The middle cerebral artery, or MCA for short, is a major blood vessel that supplies the cerebral cortex of the brain. Blockages of this artery in the context of a stroke leads to damage to both the motor and sensory cortices of the brain. In particular, this leads to motor and sensory deficits in the upper limbs and face. Additional neurological deficits can vary depending on the side of the brain that is affected. If the stroke occurs on the dominant side of the brain, patients can present with aphasia, or an impaired ability to speak. This aphasia can be split further depending on the location of the infarct. If the stroke occurs in the superior division of the middle cerebral artery, patients will exhibit Broca’s aphasia. If the infarct occurs in the inferior division, then patients will exhibit Wernicke's aphasias, which is often associated with a visual field defect in the right superior quadrant.
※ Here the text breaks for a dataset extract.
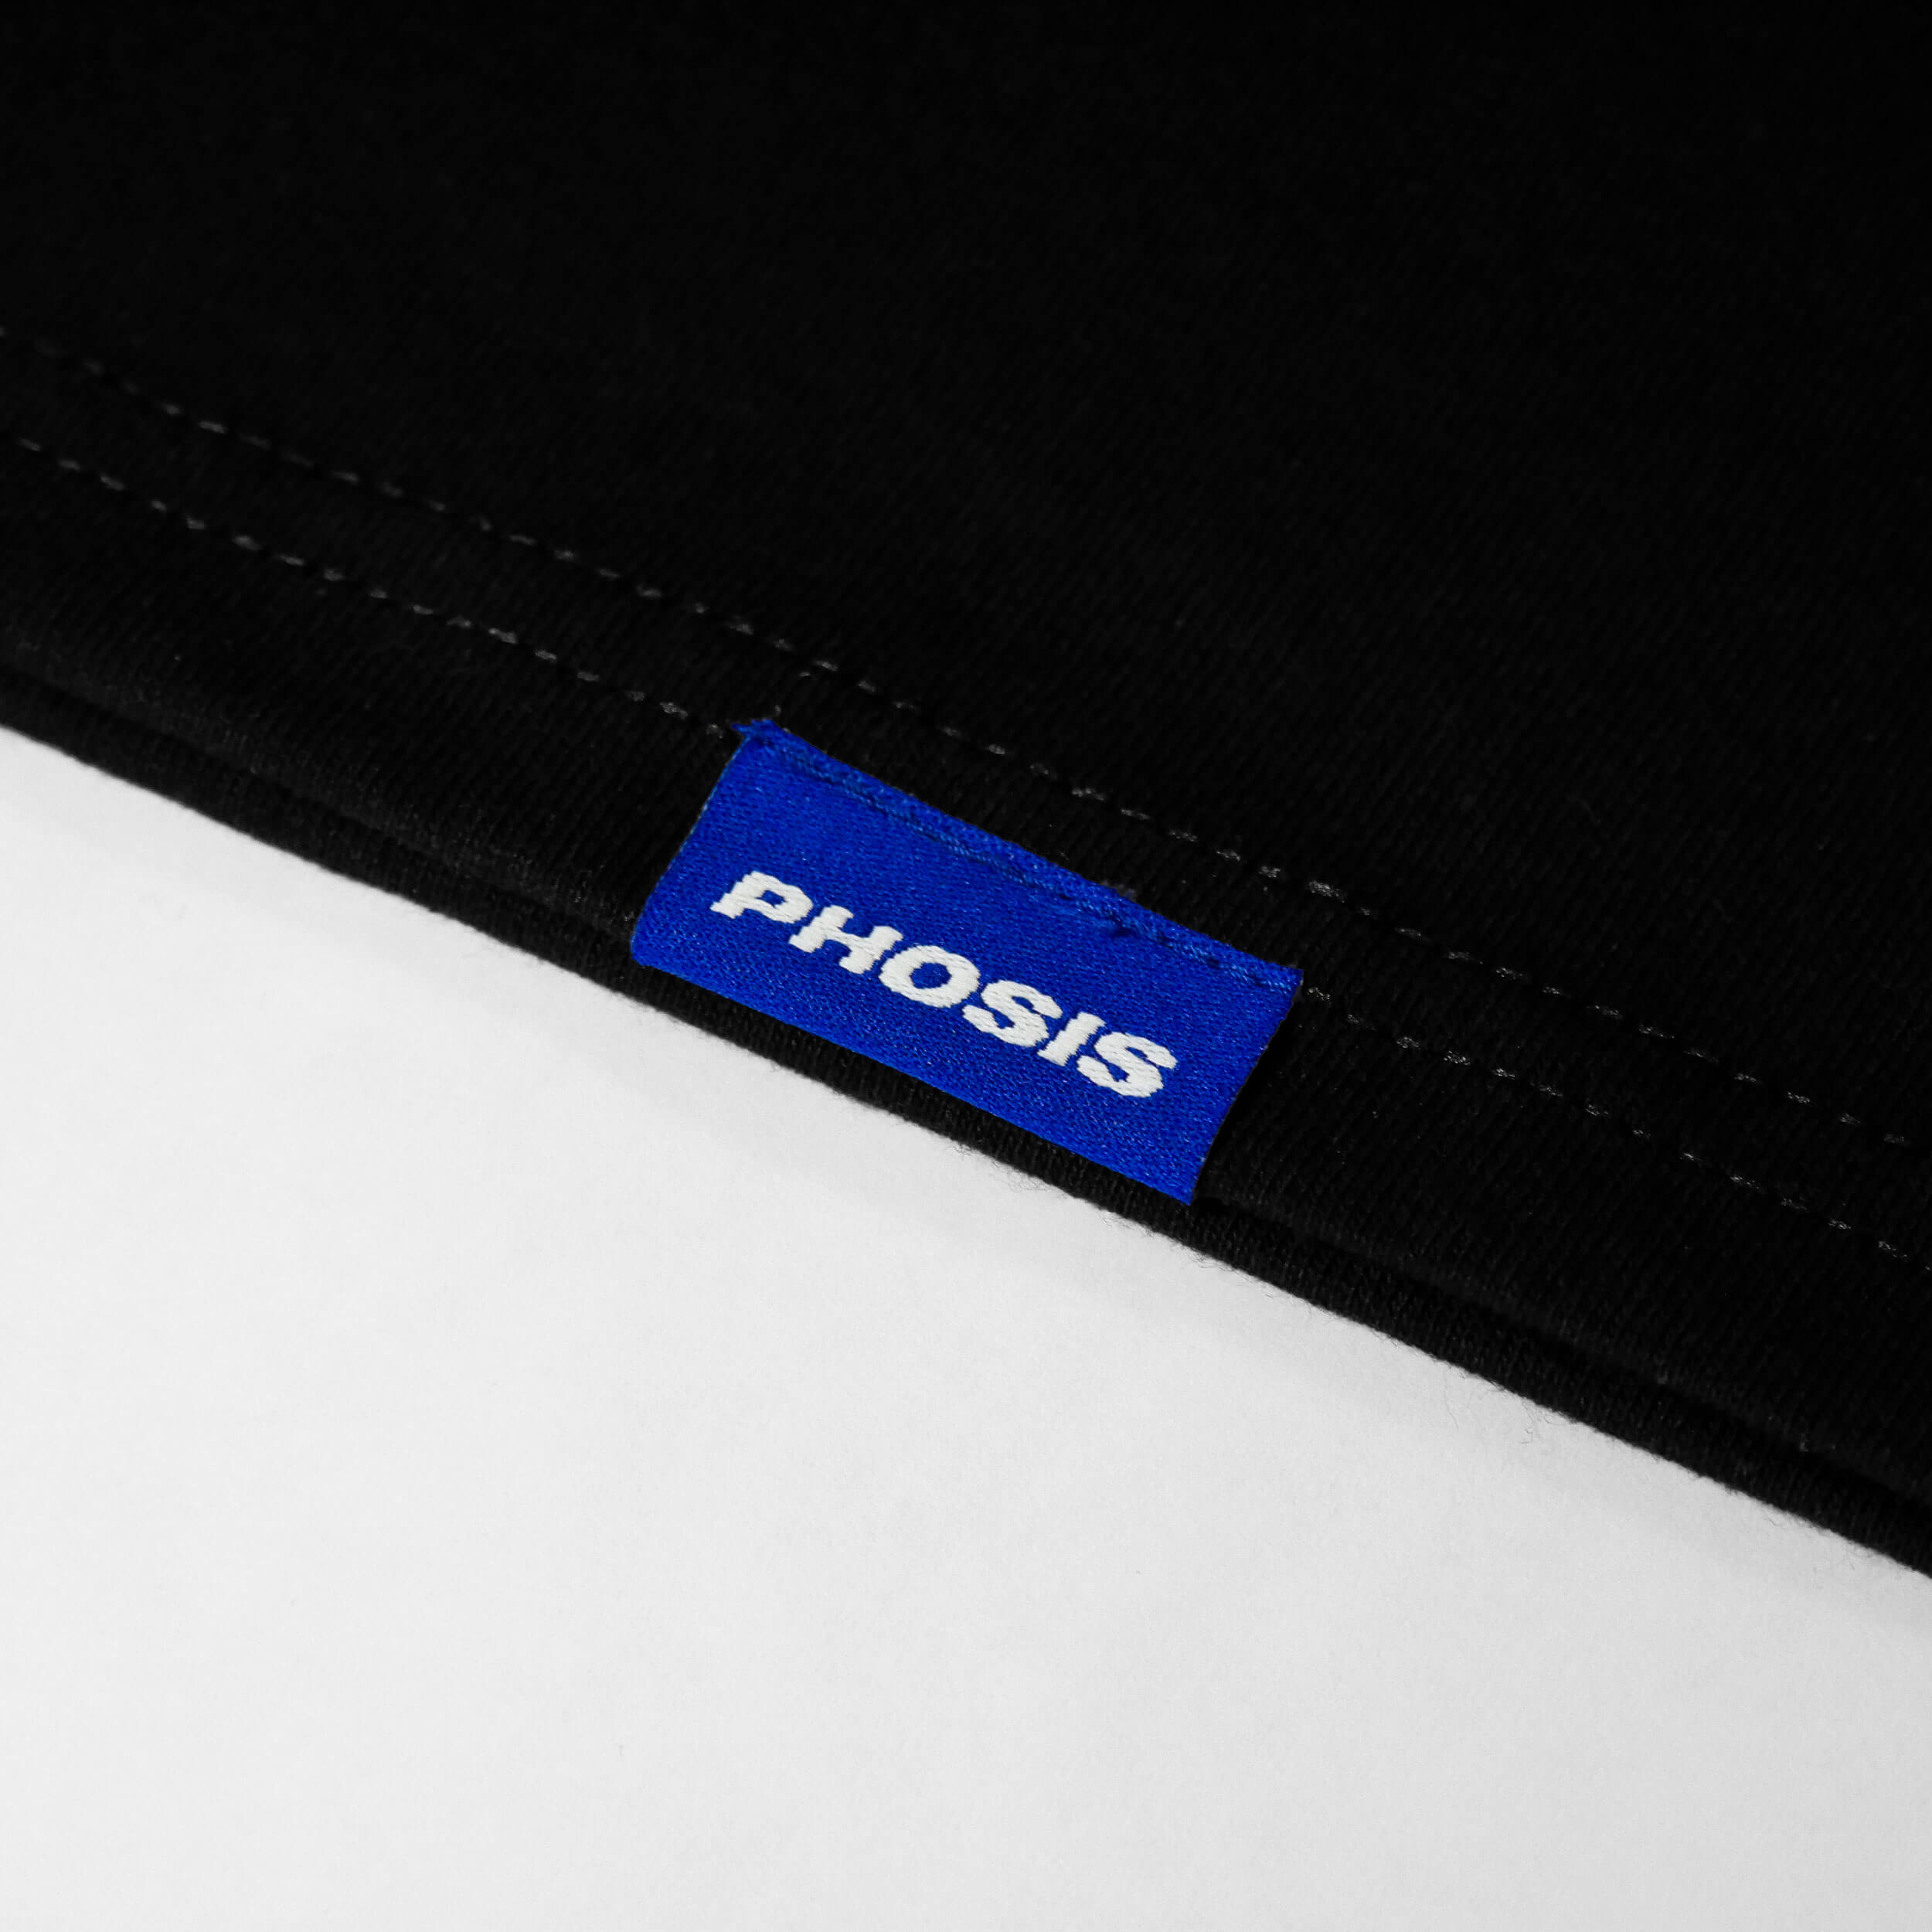 Close up view of the blue woven label in the 'MARIPXSA' BALISONG CLUB black t-shirt from PHOSIS Clothing
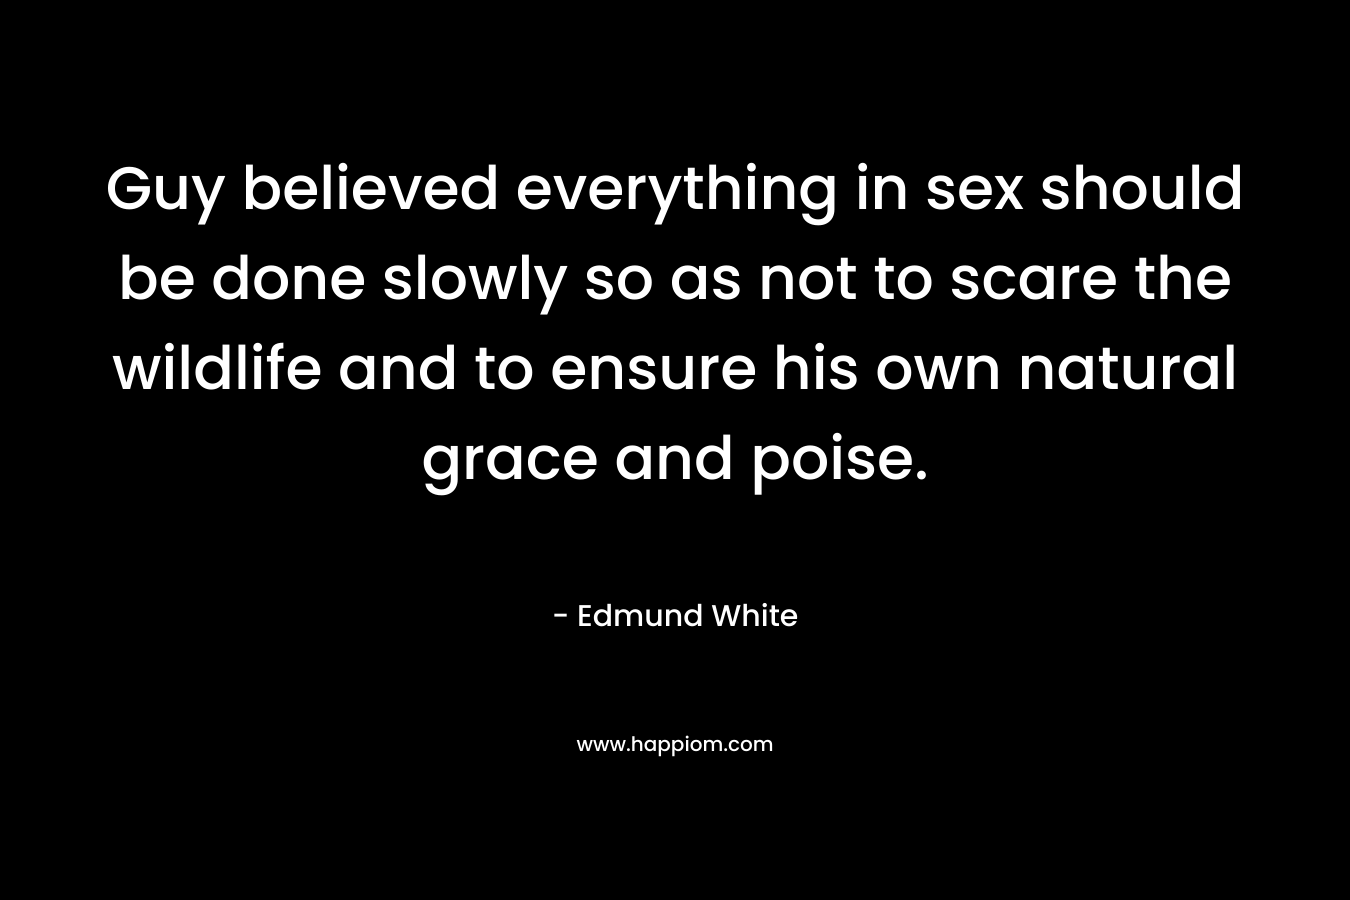 Guy believed everything in sex should be done slowly so as not to scare the wildlife and to ensure his own natural grace and poise. – Edmund White

Finally, if the MCA stroke occurs in the non-dominant hemisphere, patients may present with hemineglect.

Key Points

  • Middle Cerebral Artery (MCA)
    • Largest cerebral artery
      • Most commonly involved in cerebrovascular accidents
    • Area of Lesion
      • Motor and sensory cortices
        • Supplies parietal and temporal regions of the brain
    • Presentation
      • Mixed weakness/paralysis + sensory loss
        • Contralateral face + upper extremities
        • Lower extremity mostly spared
      • Aphasia (inability to speak)
        • If dominant hemisphere (usually left) is affected
        • Frontal lobe (brocas) aphasia if superior division of MCA affected
        • Temporal lobe (wernicke) aphasia if inferior division of MCA affected
          • associated with right superior quadrant visual field defect
            • due to temporal lobe involvement and damage to optic radiations
      • Hemineglect
        • If non-dominant hemisphere is affected (usually right)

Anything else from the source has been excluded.